PC: There is no question that a medical oncologist’s recommendation regarding the need for systemic therapy is heavily dependent on the staging information gleaned in the initial workup. We look for the following crucial elements: Is the cancer localized? If localized, is it rectal or colon cancer? If localized, what is the status of the parameters that are linked with the risk of recurrence after surgery? If not localized, what is the extent of metastatic disease?

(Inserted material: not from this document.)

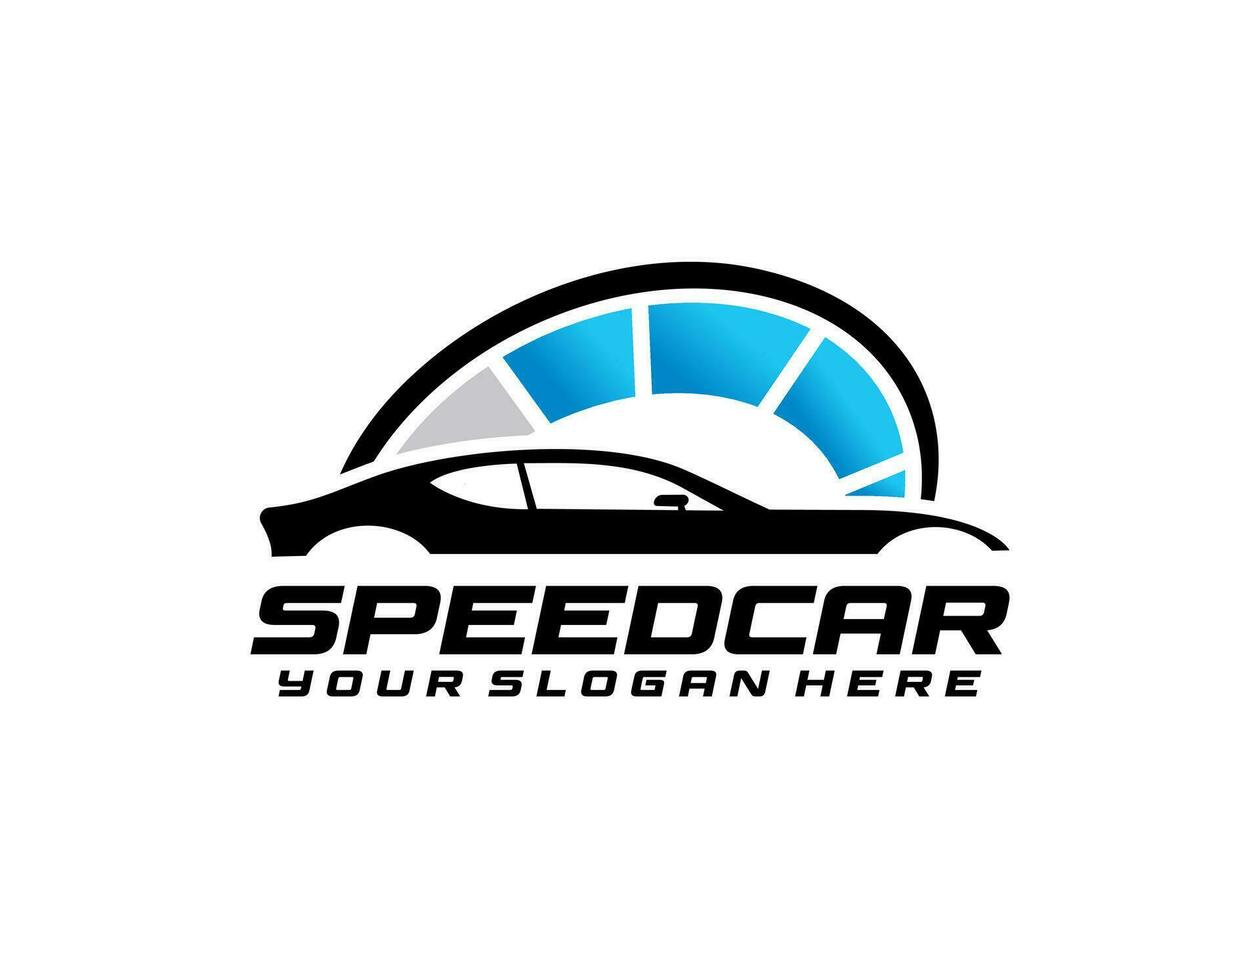 Car, auto, automotive logo template vector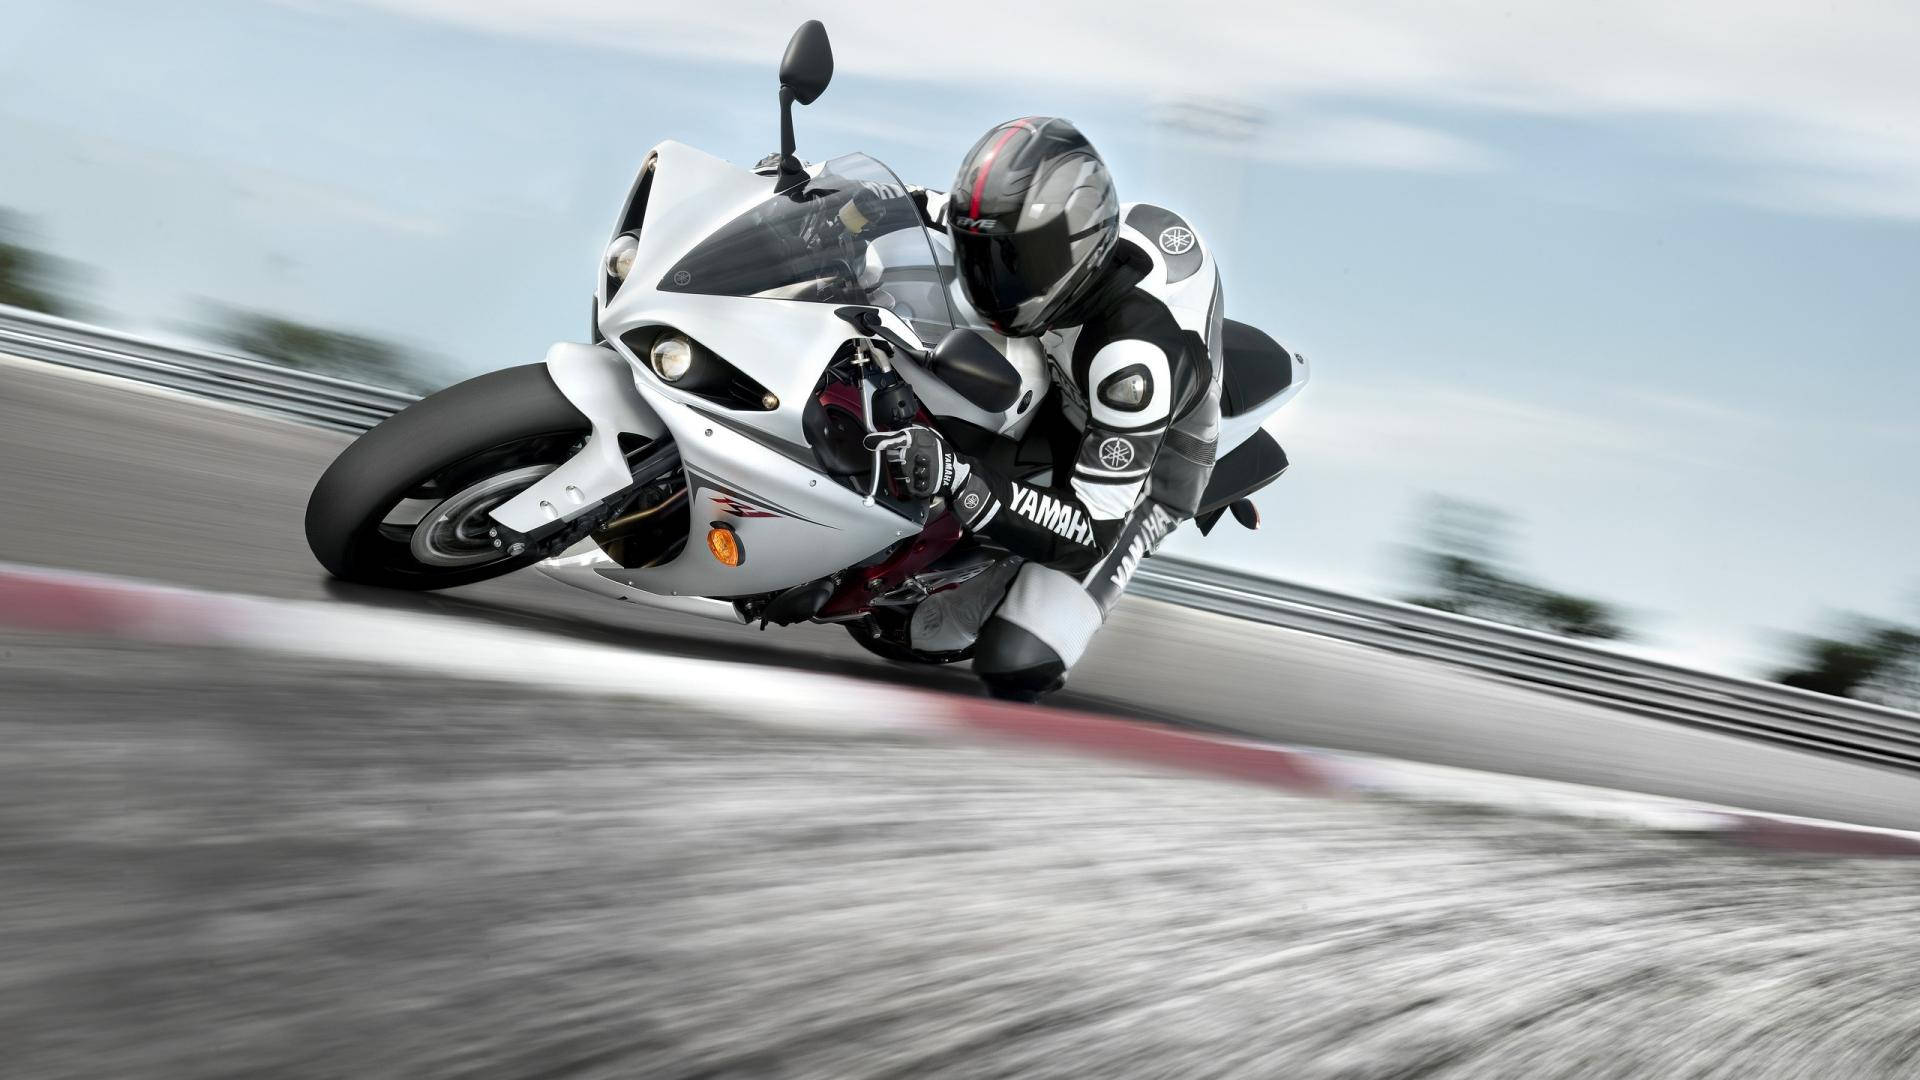 Racing White-black Motorcycle Background

Most commonly, the first investigation is an endoscopic evaluation of the cancer, and frequently this is performed by a gastroenterologist. This not only allows for confirmation of malignancy, but also proves crucial in helping medical and radiation oncologists determine the need for radiotherapy in distal large bowel tumours. Although the definition of where the rectum ends and the sigmoid begins remains controversial, clinical trials commonly define the rectum as being the distal 12 cm to 15 cm of the large bowel, and most of us use that as our day-to-day reference point. If I start cursing in clinic, it is usually because I have an endoscopic report that says rectal cancer (without any measurement), an operative note that calls the tumor rectosigmoid, and a computed tomography scan that calls it sigmoid. Because we only use radiotherapy routinely for rectal cancers, this question of location becomes an important one – so an explicit statement by the endoscopist of the location of the tumour is of great consequence. It is also helpful in advanced cancers to have some indication of the patency of the lumen.
Even in this day and age, a surprising number of patients undergo a primary bowel resection without adequate staging. This leads to some unnecessary surprises, and occasionally leads to poor intraoperative choices. There appears to be an emerging consensus that patients with extensive metastatic disease with relatively asymptomatic primary tumours are probably best served by commencing chemotherapy as soon as possible, and worrying about the primary tumour later, if symptoms necessitate (1). Thus, the key staging investigations, often initiated by the gastroenterologist, ideally should be done before resection of the primary tumour, and should include chest imaging and a computed tomography scan of the abdomen and pelvis. A preoperative carcinoembryonic antigen test (CEA) is helpful, primarily as a prognostic indicator (2). Because I am focusing on colon cancer, I will not address the role of magnetic resonance imaging and endoscopic ultrasound in staging rectal cancer.
When the patient does undergo surgery, generally for apparently localized disease, it is important that the surgeon confirm that there are no obvious metastases (and reports on this), and that he or she focuses on harvesting an adequate number of lymph nodes. It has been recognized for some time that insufficient nodal sampling leads to under-staging; the exact number of nodes necessary for accurate nodal staging remains controversial but many centres use 12 as the magic number. Clearly, finding an adequate number of nodes depends to some extent on the surgeon, but it is also heavily reliant on the pathology team. Even if positive nodes are identified, it appears to be important to remove as many as possible, because there are now some data that suggest the number and ratio of positive nodes are also important in prognosis (3,4).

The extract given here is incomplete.